Near-term, the lot at 95 Monmouth Street will be used as a staging area for construction equipment and materials during a planned four-month interior renovation of the theater, scheduled to begin June 30. After that, the lot is likely to remain empty for at least the next three years.

Basie CEO Numa Saisselin tells redbankgreen that’s how long the theater has to decide if it wants, and can afford, to acquire the lot from a group of angels who bought it simply to keep anyone other than the Basie owning it.

According to Saisselin, “four or five” members of the board of the Count Basie Foundation got together and bought the site for $2.1 million.

Basie officials knew the property was for sale, but the theater didn’t have the financial wherewithal to buy it, Saisselin says. Some forward-thinking board members, however, saw a missed opportunity waiting to happen if they didn’t act.

“They said, ‘we’re going to regret this someday'” if the theater doesn’t acquire the property, Saisselin says. So they arranged to buy it themselves under the rubric of Friends of the Basie.

And even though there’s no formal agreement between the group and the theater, and the group can sell the parcel at any time, the Friends group has given the Basie “a reasonable deadline” to decide if and how if might take the property off their hands, at cost, Saisselin says.

“It’s purely out of the goodness of their hearts,” he says. “This gives us time to figure out if we want it.”

He said the building was “on its last legs” and ready to be torn down anyway. Now, the site will be used by trailers and other vehicles during the renovation project. A hole will be cut into the theater’s east wall to give contractors direct access to the lobby, he says.

Saisselin referred us for further details about the transaction to foundation board member Stephen Cutler, who did not respond to our phone calls.

Monmouth County records show the property was mortgaged in January by Trebies Inc. of Rumson for $2.15 million. Friends of the Basie is identified as the sole shareholder of Trebies, and Cutler is named as manager of Friends of the Basie.

The sellers were members of the Seibert family who held it through Trebies — Seibert spelled backwards. Jane Seibert of Little Silver says the family bought it about 50 years ago as a place where her mother, Dr. Helen Greenleaf, could practice internal medicine and have dedicated parking for her patients. The site had about 20 parking spaces out back, she says.

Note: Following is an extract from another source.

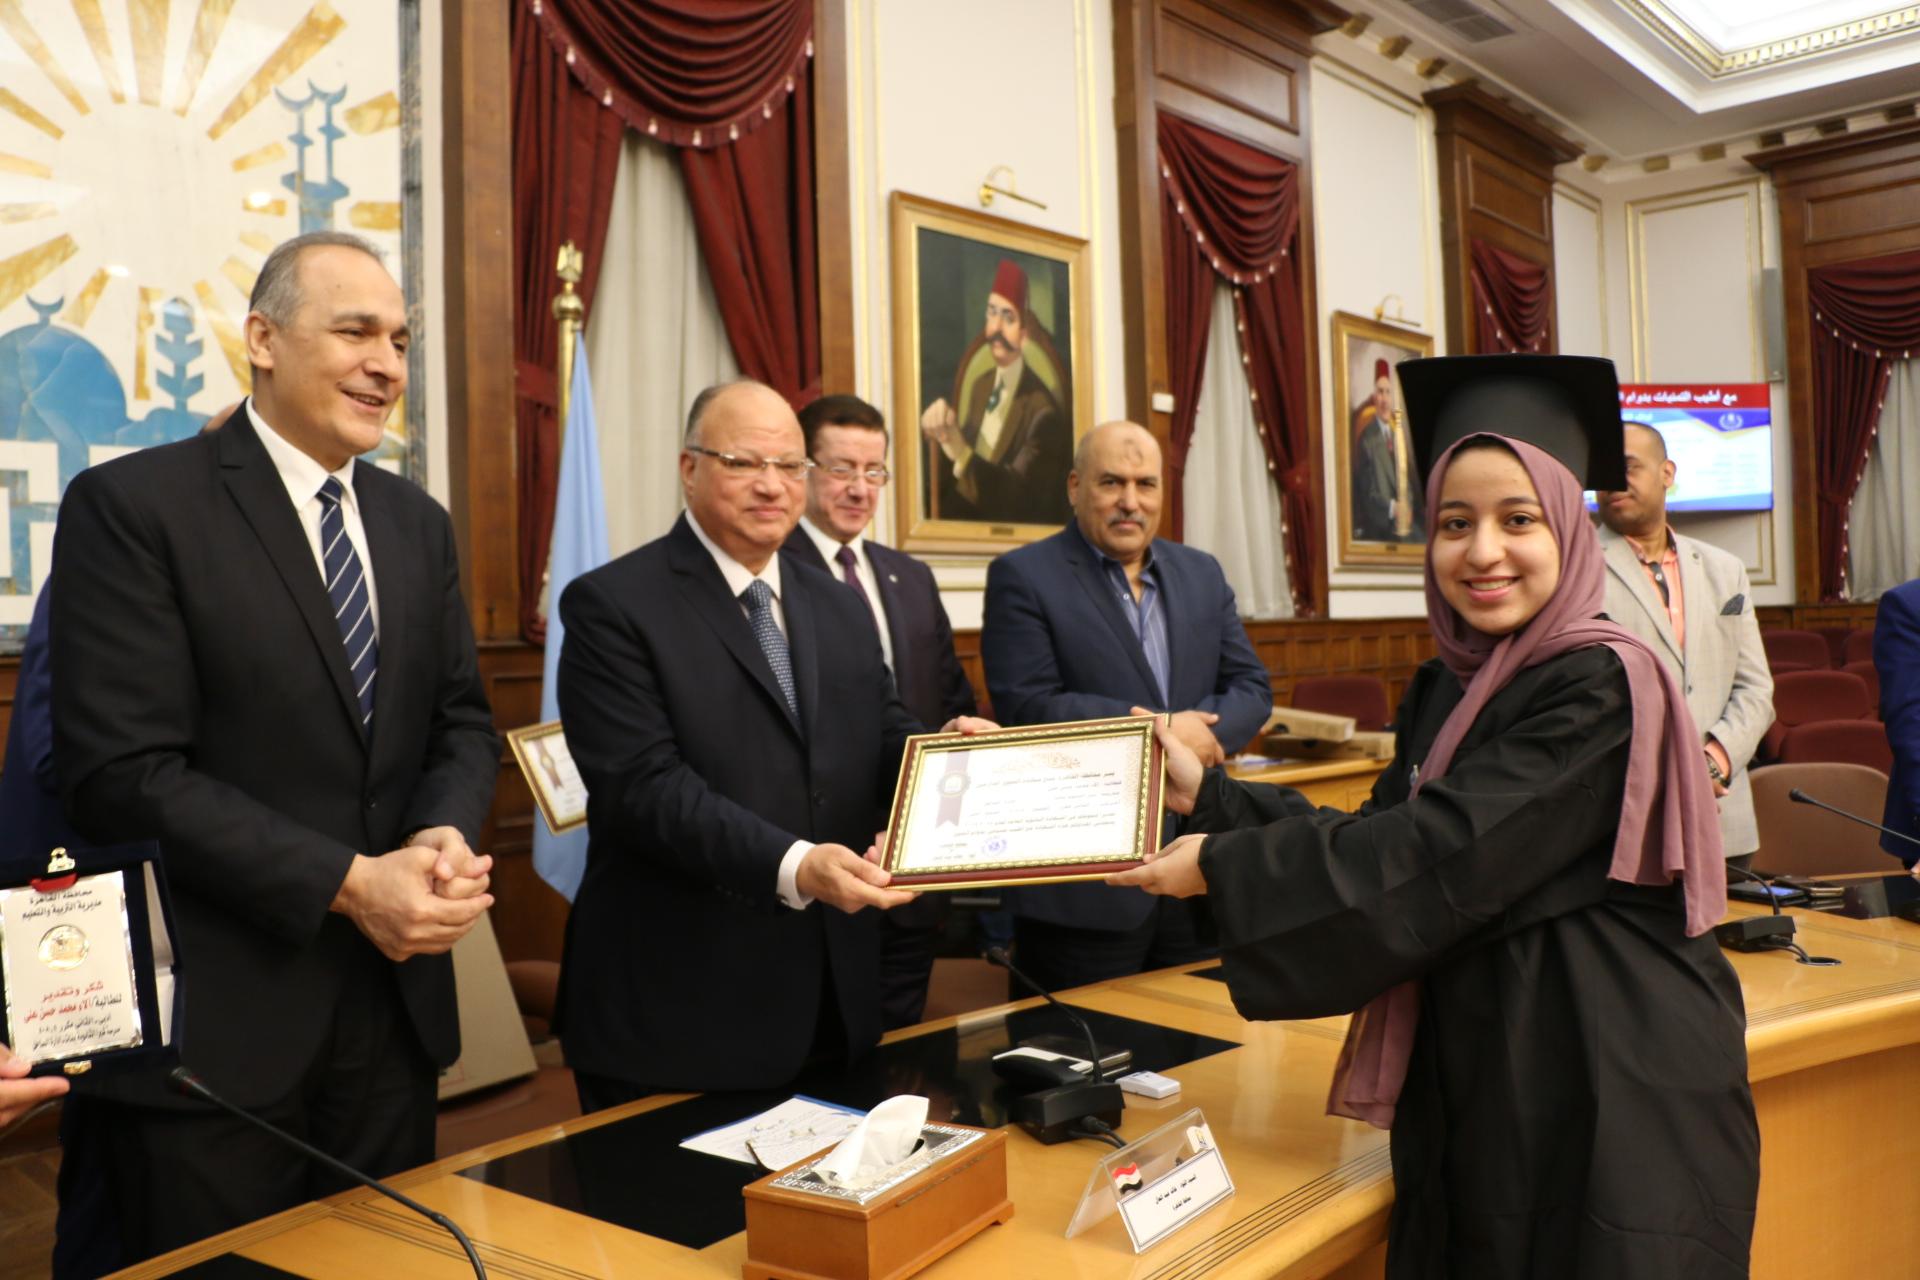 محافظ القاهرة يكرم أوائل الثانوية العامة  (6)

There’s also a 10-foot-wide right of way to Maple Avenue, just south of Buona Sera Ristorante.

The building had been vacant since Dr. Greenleaf closed her practice in 2000, Seibert says.

The building dated back to about 1923, she says, which would make it three years older than the Basie (originally known as the Carlton Theatre). It was built and used as an office by Tuller Construction Co., a heavy construction outfit, until her family acquired it, Seibert says.

The Basie foundation helps raise money for the theater, which gets only about half its operating budget from ticket sales. As one might expect, its board includes some local luminaries, including singer Patti Scialfa Springsteen; Wall Street billionaire Mickey Gooch; and former Red Bank Mayor Ed McKenna.

Scialfa’s husband, Bruce Springsteen, and his band last month played a benefit show at the theater that raised some $3 million for the gut job.